As someone who is early in their career who has to constantly juggle side gigs, hobbies, the cost of living in a city while working a full-time job, my current creative financial goal is to live by this.
– Tools for professionals must pay their rent. –
I recognize fully that there are plenty of reasons people make art/ music/ any other creative medium or practice; but why should it be treated like something that exists outside of the rest of the financial pressures of my life?
Tools in this context can be defined as anything used in one’s creative process, particularly if it is used as an item to complete/ aid in completing any task. I use the term ‘tool’ both to imply a notion of what is useful, and also to be vague enough to cover the wide number of items that could potentially fall under that category.
That being said, these creative tools I have don’t have to pay MY rent, but they certainly have to have a plan towards paying back the cost of me buying and housing the tool.
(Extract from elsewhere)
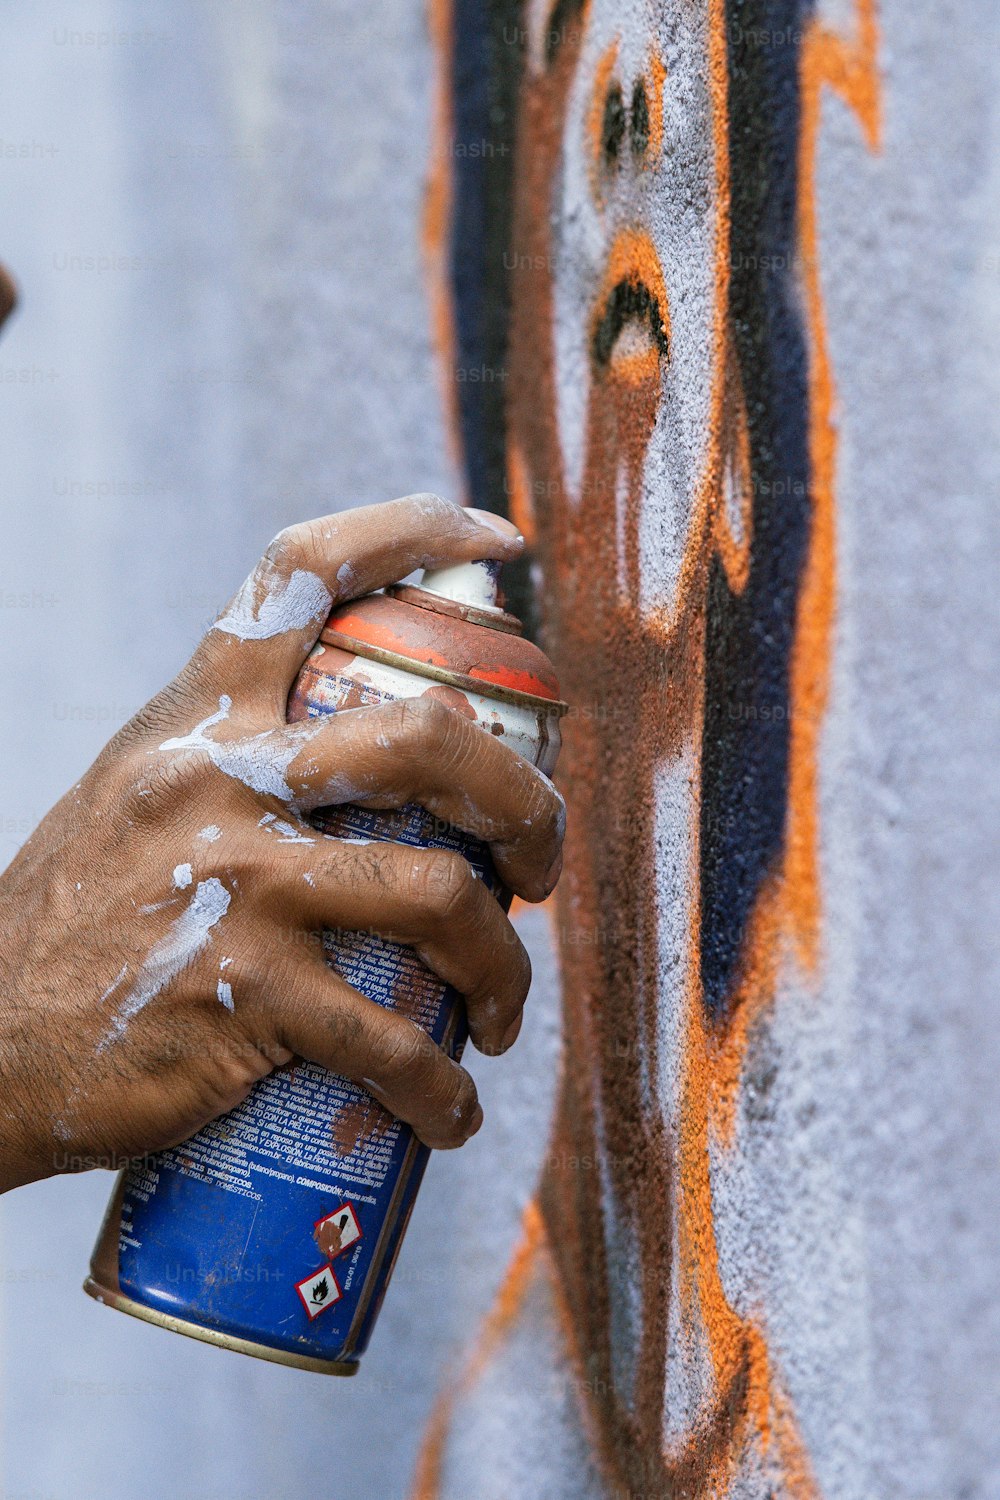 Una persona pintando con spray una pared con graffiti

One of the coolest parts about making things is the fact that the tools you buy have the potential to make whoever uses them enough money to pay back that initial cost of buying, in addition to any other additional cost that they might need. Making stuff in a capitalist economy typically has the effect of making some sort of money for the work. To say it shortly (and over-simply), labor should be paid for, and labor that requires specific skills and tools should be able to pay for those skills and tools as well (even if over a long period of time).
So that being said, I want to leave the reader of this with some homework (doesn’t the concept of homework in a pandemic feel weird?). Take a list of what tools you have, and write down an educated guess of what you paid for it. If you’d like, write down a guess of what you have paid for in classes to better learn how to use those tools. Figure out the sum of all those, and put a mental pin in it.
Use that number as an inspiration to start valuing the work you do a little more, and also think about some ways that you can begin to recoup that using the tools you already have.